> Task objective:
Return only the lines below starting at the line containing "Structural Throw Pillow" and ending at the line containing "A U.S. Air Force", both included, exactly as they are and with no pictures.
++++ Data for processing
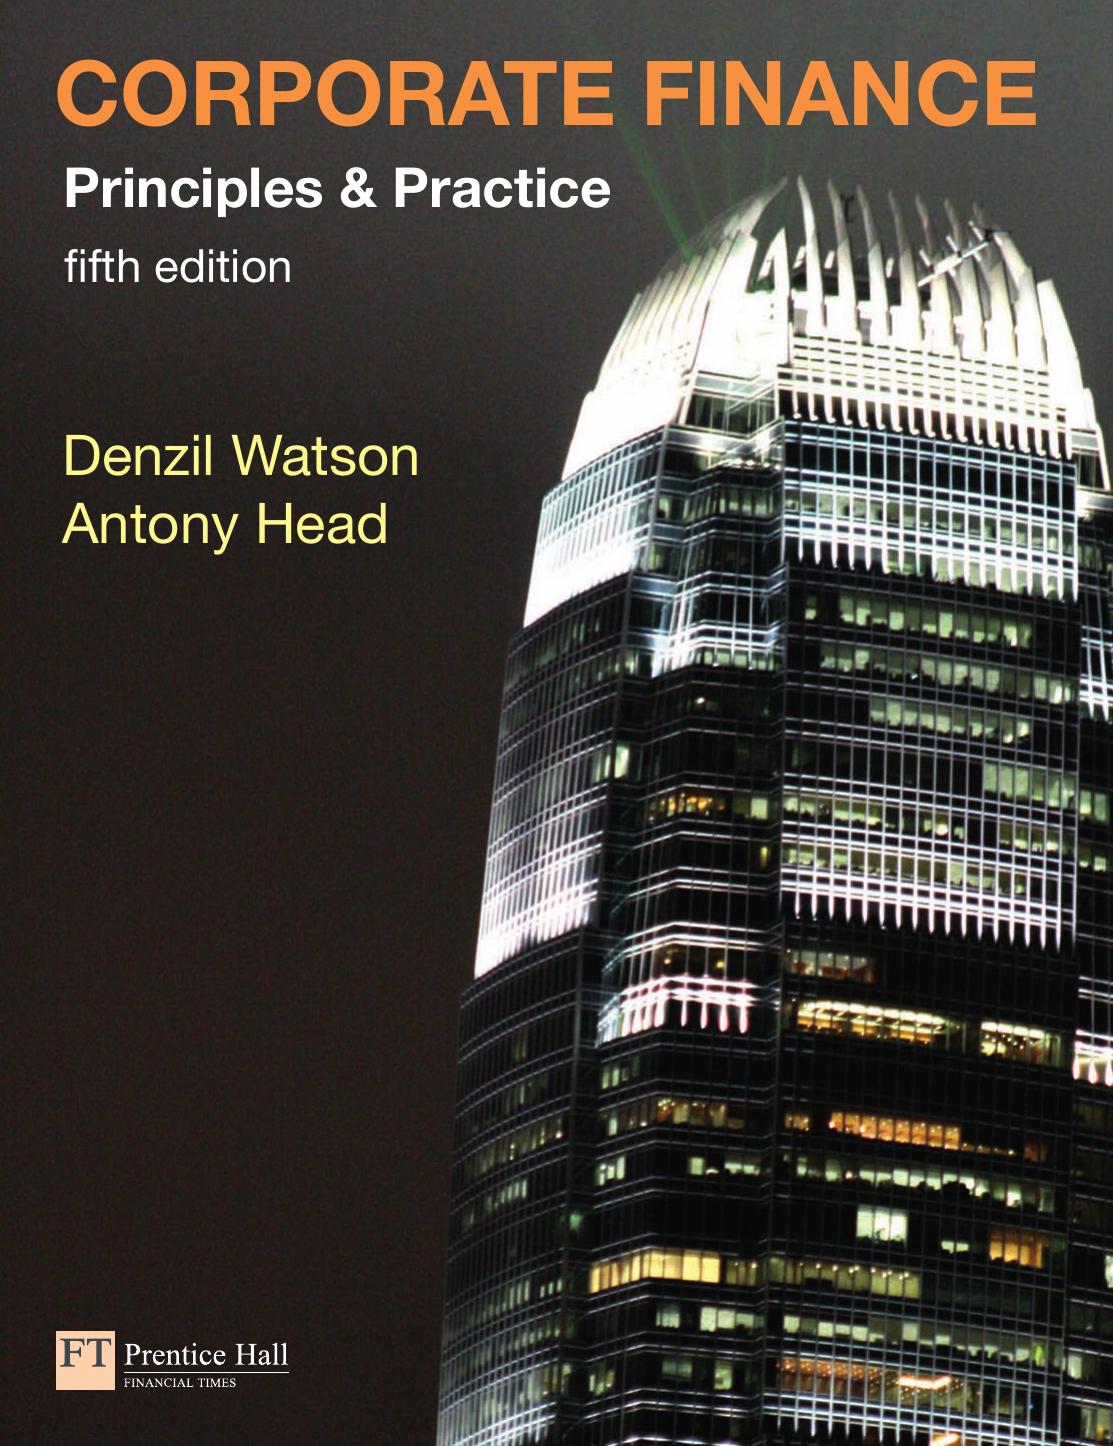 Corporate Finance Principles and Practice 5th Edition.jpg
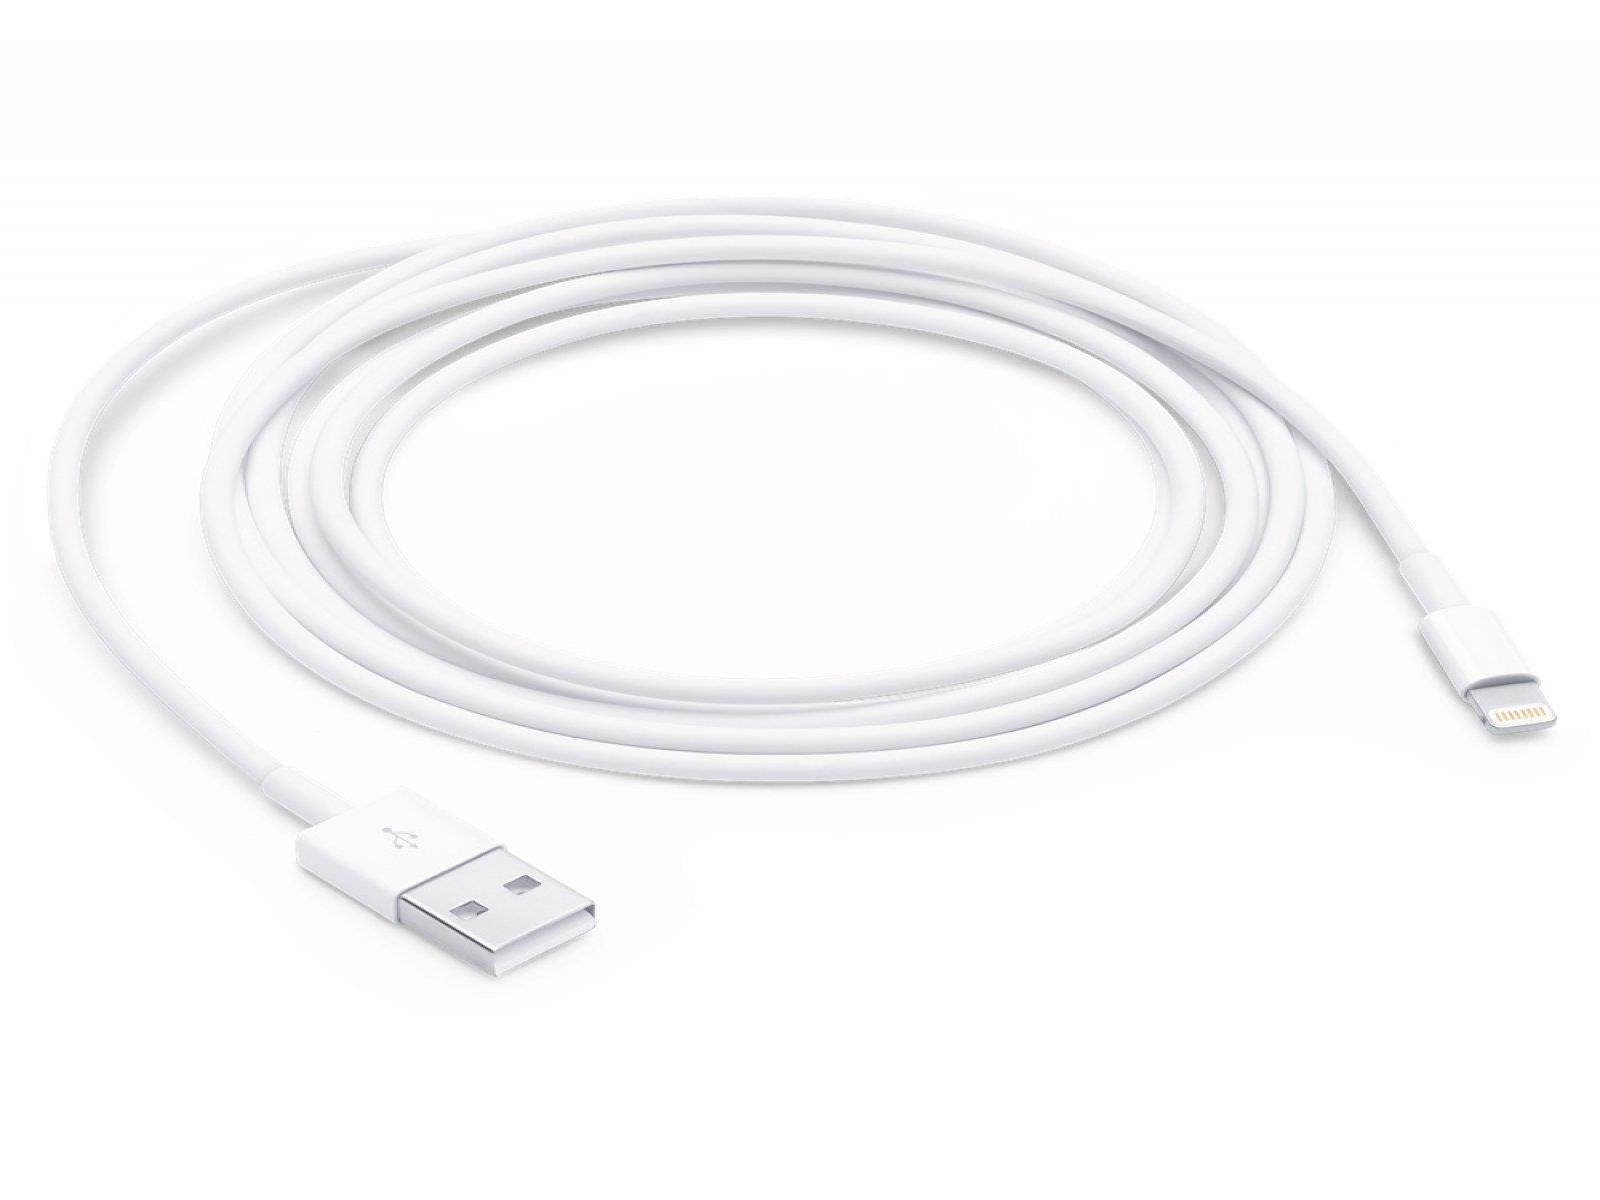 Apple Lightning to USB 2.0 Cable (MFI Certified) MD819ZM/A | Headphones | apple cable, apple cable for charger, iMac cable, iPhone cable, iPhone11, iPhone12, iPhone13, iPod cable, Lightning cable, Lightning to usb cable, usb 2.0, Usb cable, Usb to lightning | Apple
++++++++
++++ Data for processing
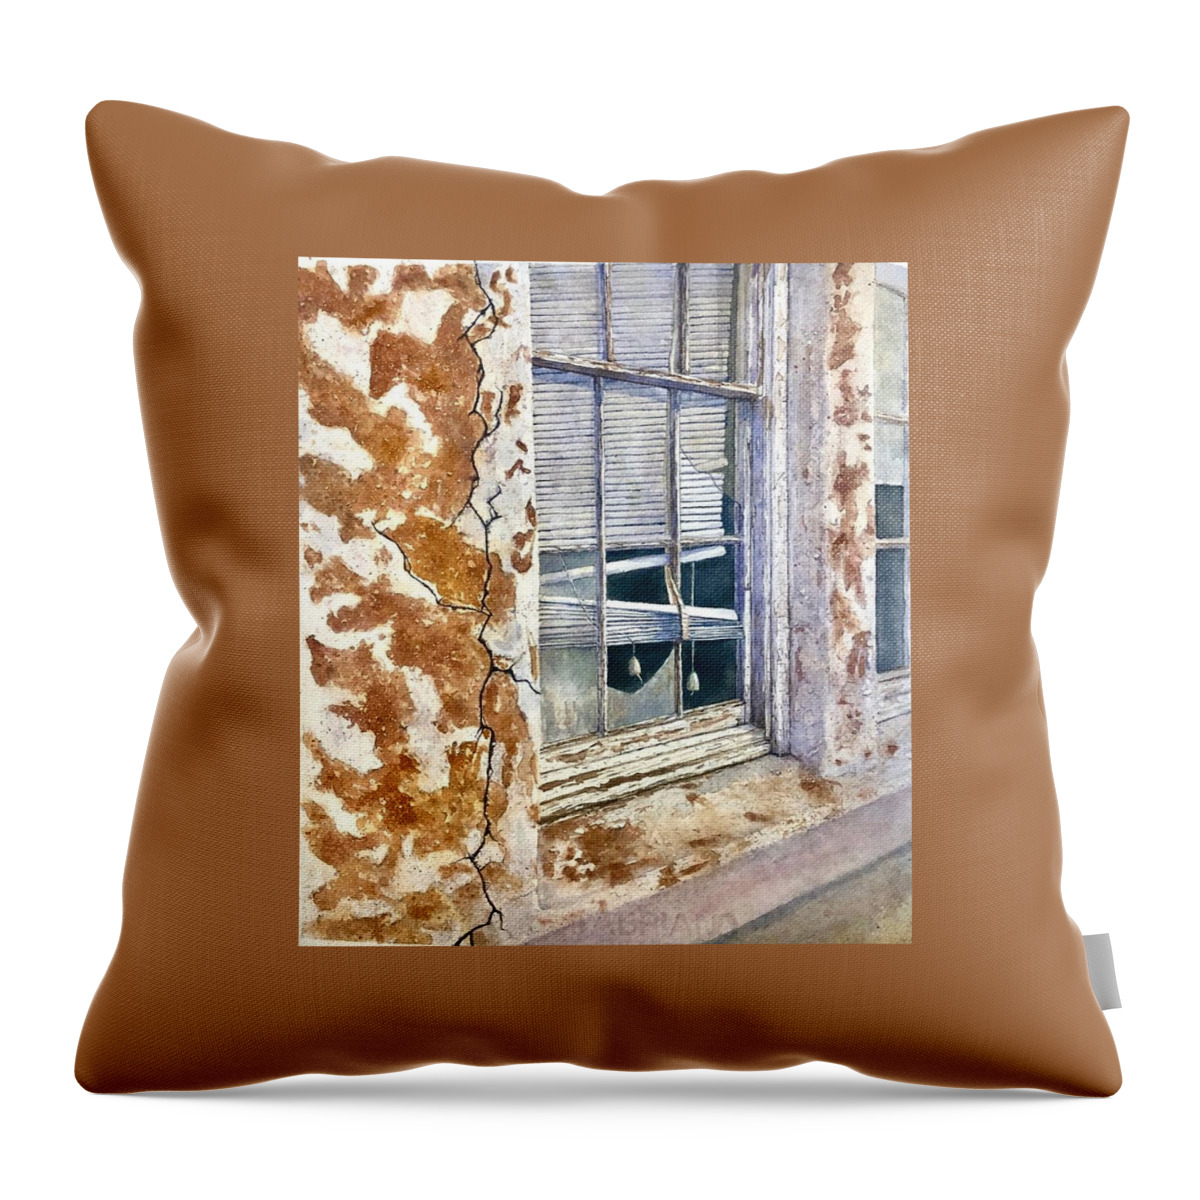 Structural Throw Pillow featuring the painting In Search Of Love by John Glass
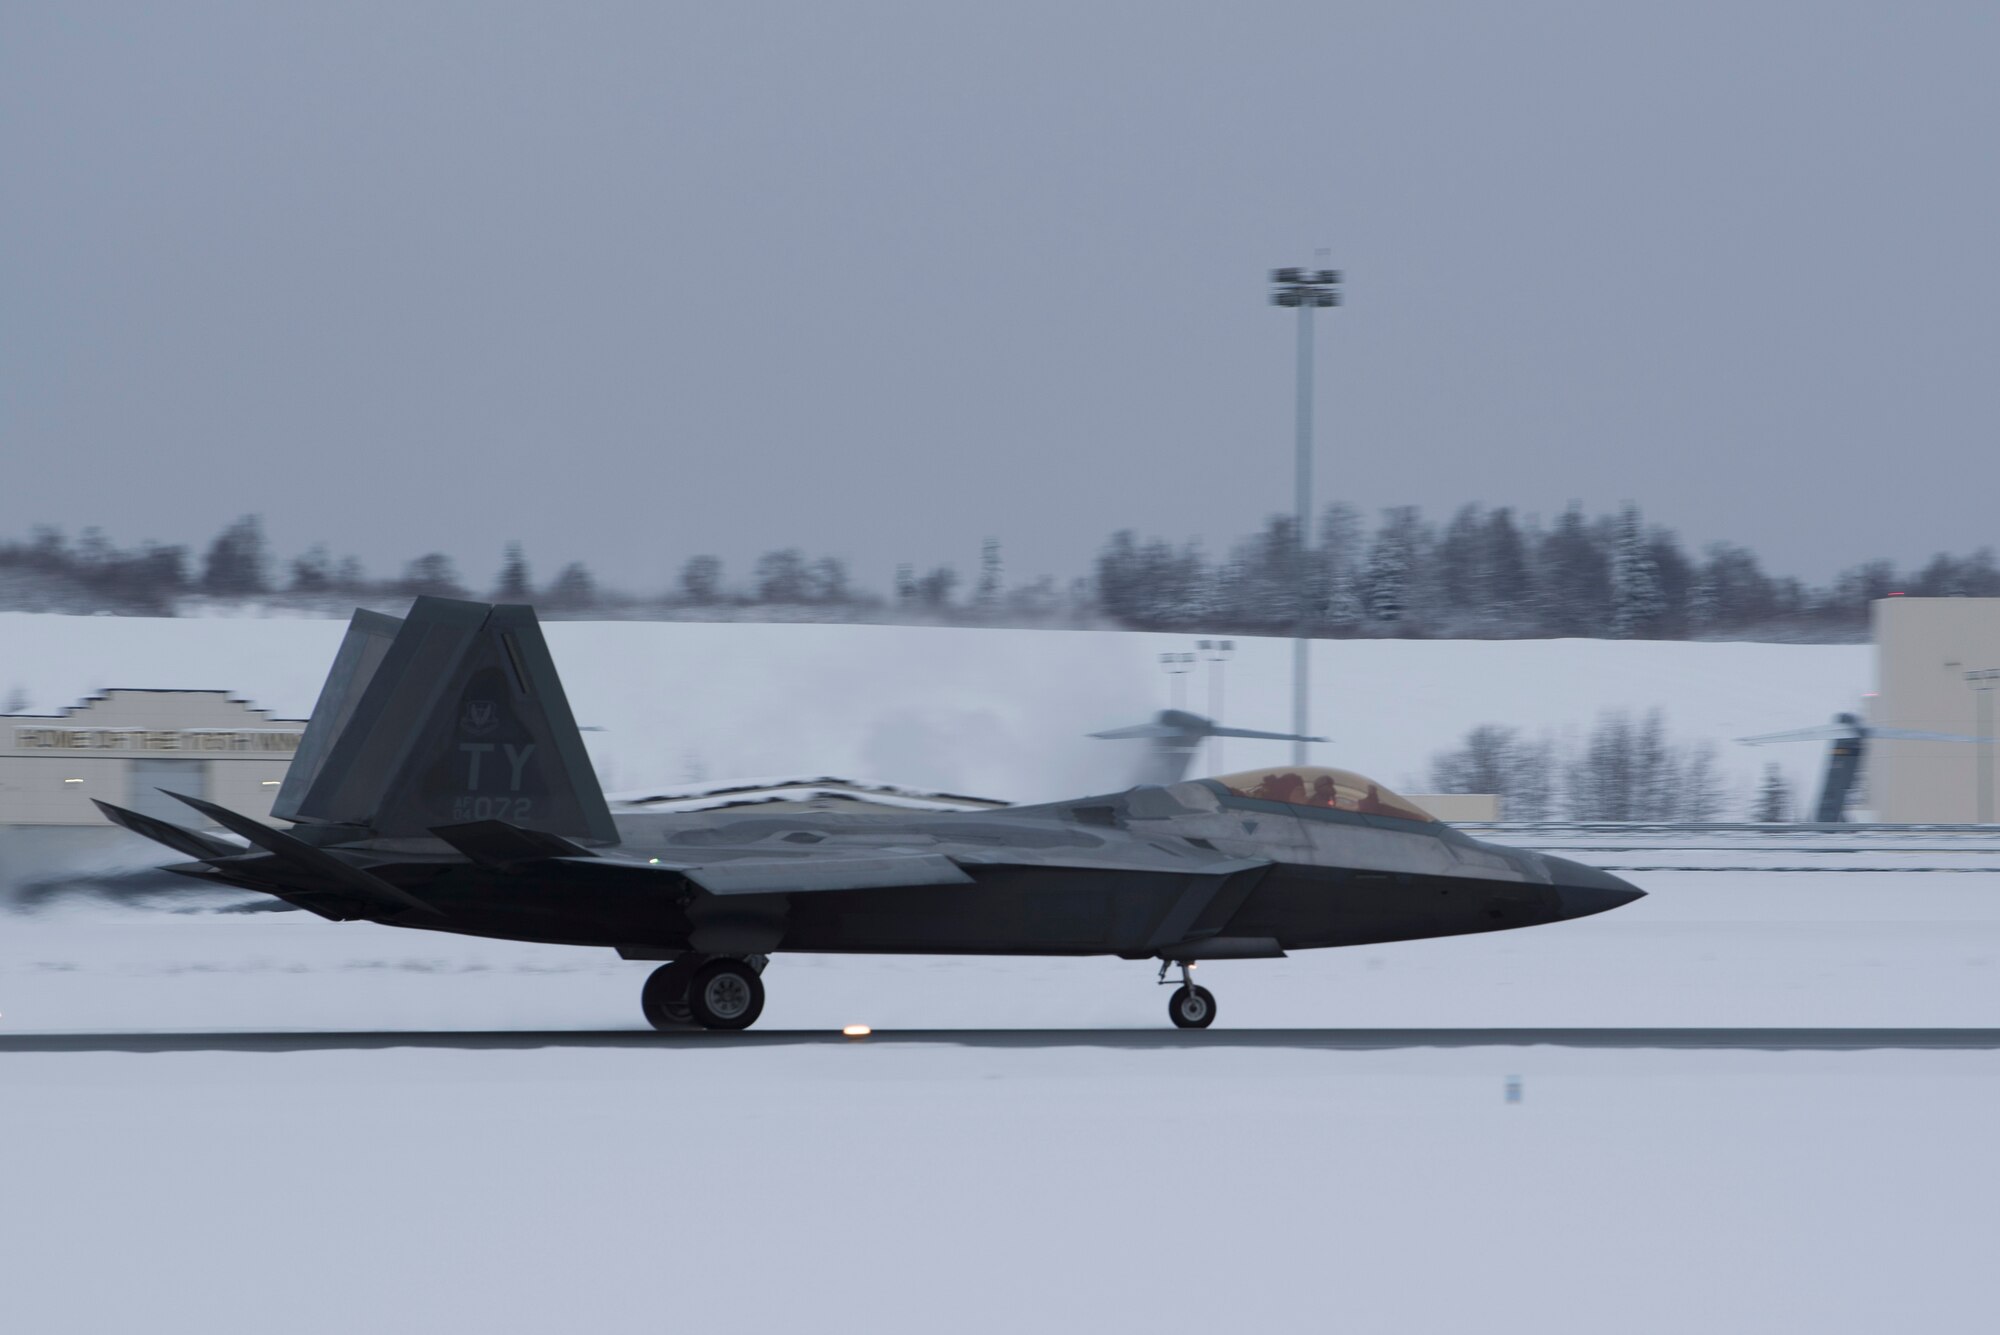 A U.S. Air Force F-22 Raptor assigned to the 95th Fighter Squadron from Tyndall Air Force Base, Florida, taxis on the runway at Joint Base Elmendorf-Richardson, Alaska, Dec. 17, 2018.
++++++++
> Result:
 Structural Throw Pillow featuring the painting In Search Of Love by John Glass
 A U.S. Air Force F-22 Raptor assigned to the 95th Fighter Squadron from Tyndall Air Force Base, Florida, taxis on the runway at Joint Base Elmendorf-Richardson, Alaska, Dec. 17, 2018.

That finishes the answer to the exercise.